Since the district had taken on the verdancy of spring, its atmosphere had changed. Harriet sometimes walked beside the little trickle that was the Ilissus, or up among the pines that overhung the river-bed. The villa was at last beginning to seem a home, but a disturbed, precarious home. Though it was not within the target area, it was near enough to the harbour to be shaken by gun-fire, and when there were night raids, the Pringles would sit up reading, having no hope of sleep till the ‘all clear’ sounded.
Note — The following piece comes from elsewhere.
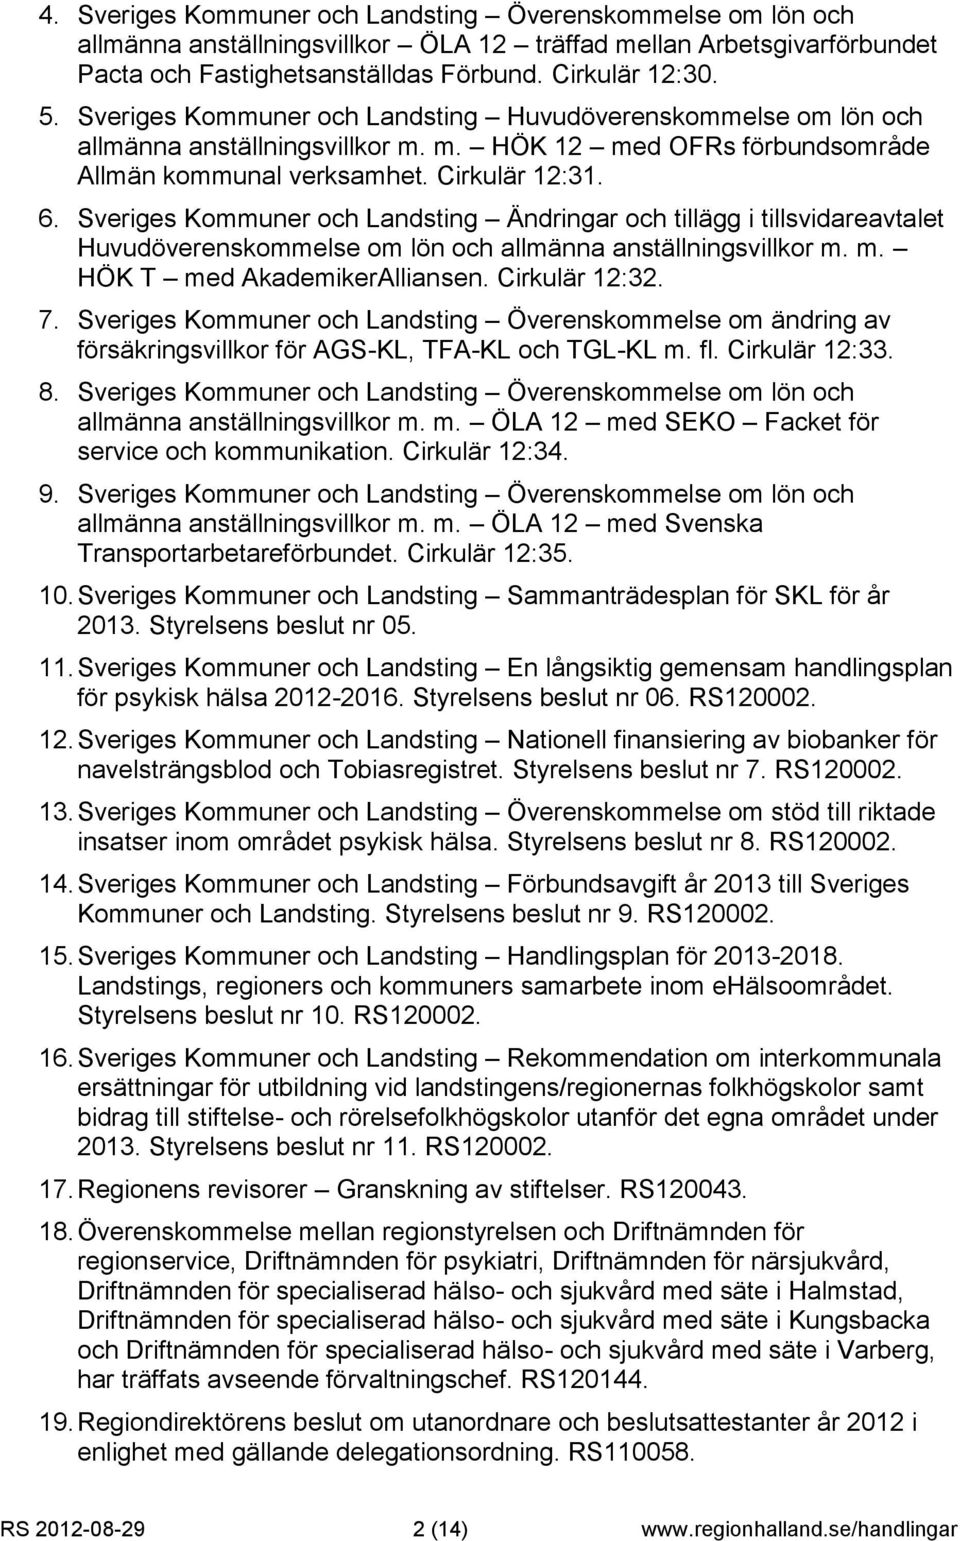 Sveriges Kommuner och Landsting Ändringar och tillägg i tillsvidareavtalet Huvudöverenskommelse om lön och allmänna anställningsvillkor m. m. HÖK T med AkademikerAlliansen. Cirkulär 12:32. 7.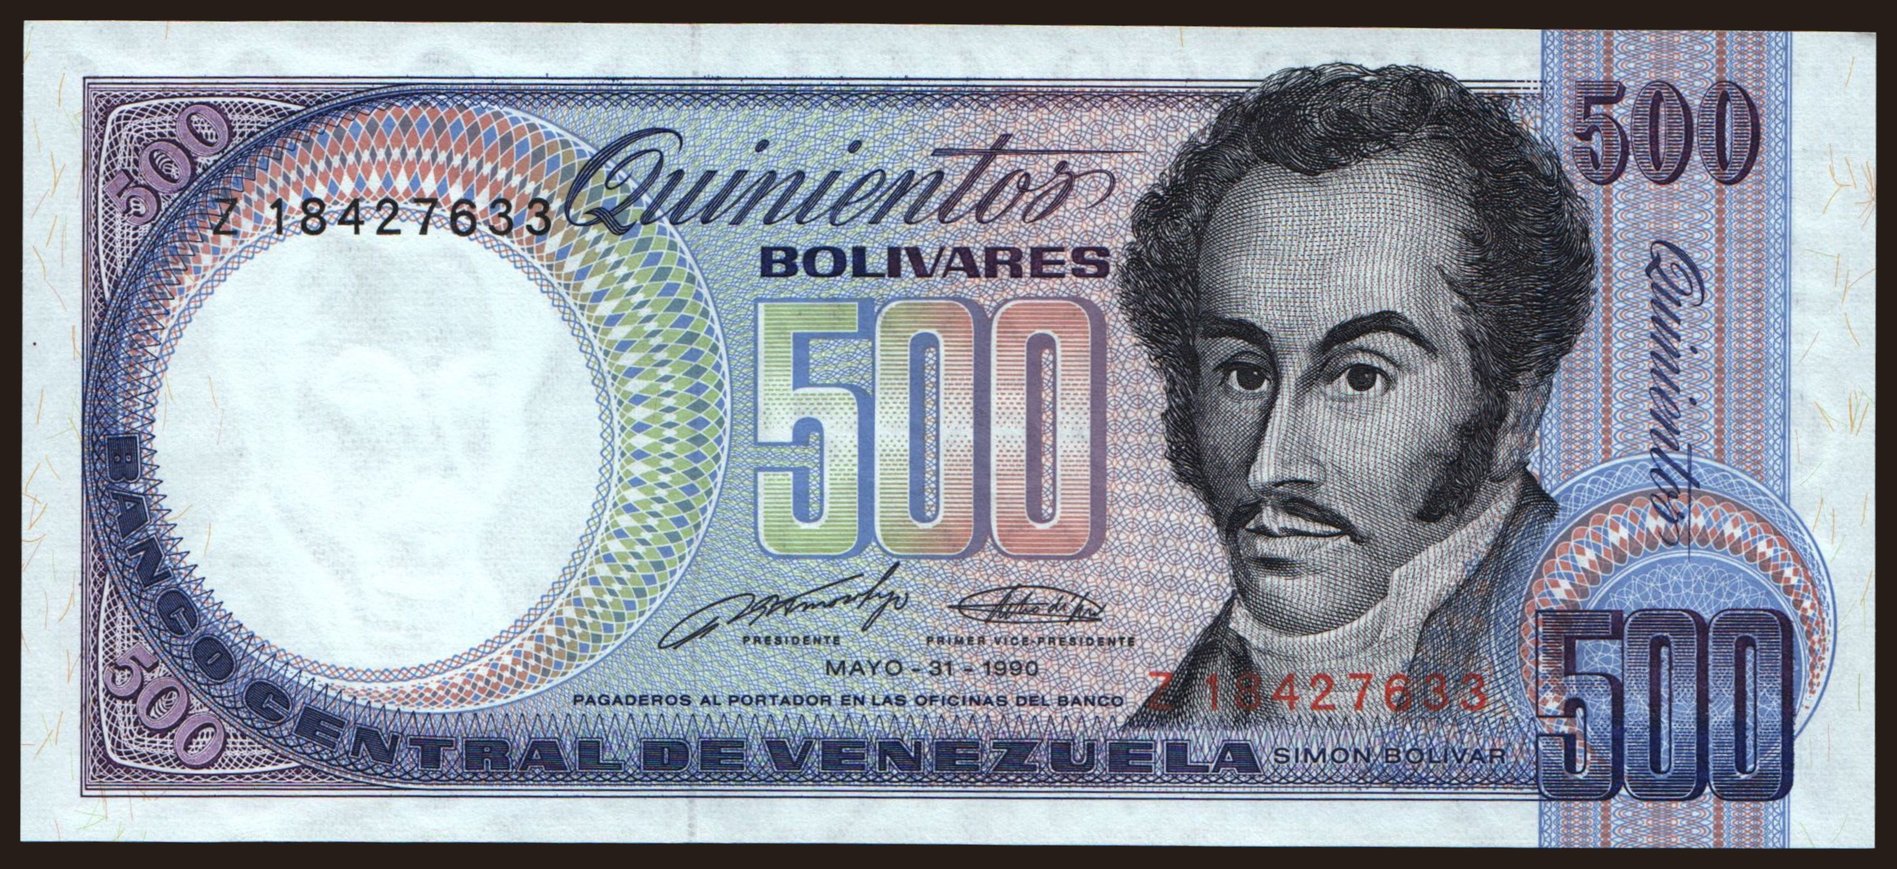 500 bolivares, 1990

Up among the pine trees she had met a cat which followed her to the edge of the wood but would not come into the open. It was a thin, little, black female, its dugs swelling out pink from the sparse black fur, so she knew it had kittens somewhere. She thought it must have a home in one of the shacks beyond the trees. It was obviously a home where there was not much to eat, but there was not much to eat anywhere these days. Harriet knew the cat’s eager attentiveness was an appeal for food. There was nothing at the villa except the grey, dry tasteless bread they had for breakfast. She took some to the wood and the cat devoured it with savage exultation.

She asked Anastea to whom the cat might belong, but Anastea treated the question with contempt. Seeing Harriet put the bread into her pocket, she grumbled to herself. Harriet did not understand what she said but could guess: if there was bread to spare, there were human beings in need of it.